NASHVILLE — Country singer Ty Herndon can break your heart, but he sure knows how to put one back together. The man speaks from experience. 


In his intense and candid new memoir What Mattered Most, Herndon recalls how he became a child preacher in Alabama, rose to fame in Nashville, and suffered some devastating personal crashes — eventually coming out of the closet and finding spiritual redemption.


Now in his 60s, super-fit and looking years younger, the country singer has emerged as an activist for change in music and as a songwriter and performer who finally feels ready to hit his prime. 


Working on the book for two-and-a-half years has “changed me in ways I did not see coming,” Herndon told a small audience in April at a bookshop appearance in Woodstock, Georgia. “I’ve never known this kind of freedom.” 


Known for his 1990s country hits like the No. 1 singles What Mattered Most and Living in a Moment, along with my favorite, A Man Holdin’ On (to a Woman Lettin’ Go), Herndon could be counted on for uptown-country phrasing, masculine bravado, and lyrics most definitely about women.


Now he sings about his husband, Alex, and regularly (and tearfully) opens up about every bend in his journey — courageously so — even with his Mama Peggy in the audience.


Still, as his co-author David Ritz, a biographer of Aretha Franklin, The Rolling Stones, and others, has told Herndon about his music: “There was something there all along that was the truth.”


Herndon’s truth-telling was at the center of a concert and book event in April at the impressive new Harken Hall, one of the Nashville area’s beautiful new music venues. 

He told the audience that he copes with his past by learning to “take the best of me out of it” and let his shame go. 


Even his mother hadn’t known every detail of the incidents in her son’s life until she read the book. Knowing more about her son, to whom she was close already, she was finally able to give him the hug he deserved after going through it. 


“God has had me… (and) He never let me go,” Herndon said, giving him courage toward “loving myself and to tell the truth about it.”


Ty Herndon performs at Harken Hall in Nashville in April.
Ty Herndon performs at Harken Hall in Nashville in April.

Growing up country


Born in and raised in tiny Butler, Alabama, Herndon was gifted as a child and felt called to preach at the age of 9. At a revival, an evangelist attacked him and paraded him before the crowd while disavowing homosexuality. He blasted the youngster, quoting scripture on Sodom and Gomorrah and other citations often wrongly used to condemn gay people.

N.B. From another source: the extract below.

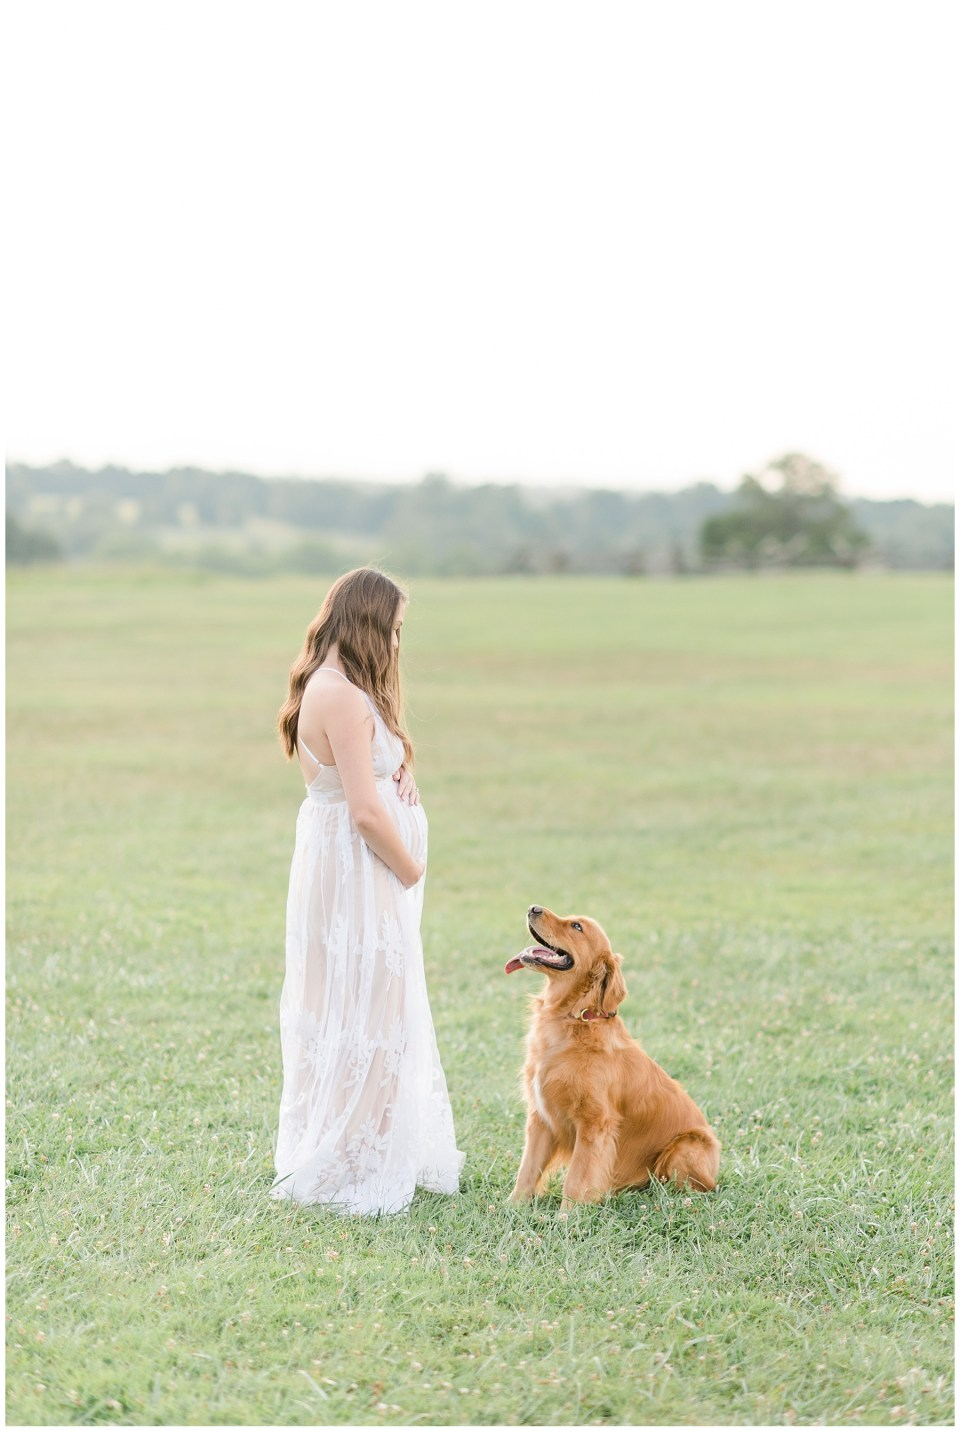 cute-maternity-photo-ideas-with-dog-virginia-maternity-photographer

“I just felt myself shrinking,” Herndon recalls, adding however that the preacher might’ve regretted his tirade  “by the time my aunt and my grandma got through with him.”

At 18, Herndon auditioned and won a job performing at Opryland, then a major theme park anchored by the new Grand Ole Opry in suburban Nashville. He performed at the park’s multiple music venues of the day and found many casual boyfriends among other young men at the park — all in secret.


In 1983, the national TV program Star Search, a predecessor to American Idol, came to Opryland looking for contestants. Herndon sang and earned a trip to Hollywood to appear on the show and was named the male vocalist champion for one week. He eventually lost in the semifinals to future champion Sam Harris, who’d sign with Motown Records and later sing on Broadway.


In Hollywood, Herndon was introduced to crystal meth, learned about the brutality in some quarters of the entertainment industry, and discovered that hiding the truth can begin to destroy you.


One night, Herndon joined a Star Search executive for dinner and drinks. He woke up the next day shocked and sore. He’d never consented to sex with the man and believes he was drugged. Later, Herndon was rebuffed when he reported the incident to a higher-up TV executive. But it was the 1980s, and he was too afraid to approach the police or tell anyone but his best friend what happened.


He lived with tremendous shame for years, which fueled his drug problems. 

Around then, he moved to Dallas and became a popular performer in the jam-packed honky-tonks of Texas. 


A younger Ty Herndon with his mother, Peggy
A younger Ty Herndon with his mother, Peggy

Finally landing a record deal in his 30s, he married his second wife, Renee’, at the suggestion of a label executive. At the same time, he lived in Dallas with a longtime boyfriend.


The record label sent him to France for a week on a songwriting trip, where he was astounded to hang out with new peers like Cher, Brenda Russell (who wrote Get Here by Oleta Adams), rock singer Patty Smyth, and others.


When he returned with great memories of traveling and partying, but no songs, the label chose one for him. Herndon was regularly abusing drugs but gave a sincere performance when he recorded What Mattered Most, about a man who paid no attention to the little things, so his woman left him. In May 1995, it became Herndon’s first No. 1 hit. 


Weeks later, his world seemed to fall apart.


An arresting moment


In June that year, Herndon was scheduled to play a police convention in nearby Fort Worth. He’d been up for two days high on meth and watching porn. On his way to sound check, he stopped for gas, then ventured into a public park known as a cruising area for gay men. 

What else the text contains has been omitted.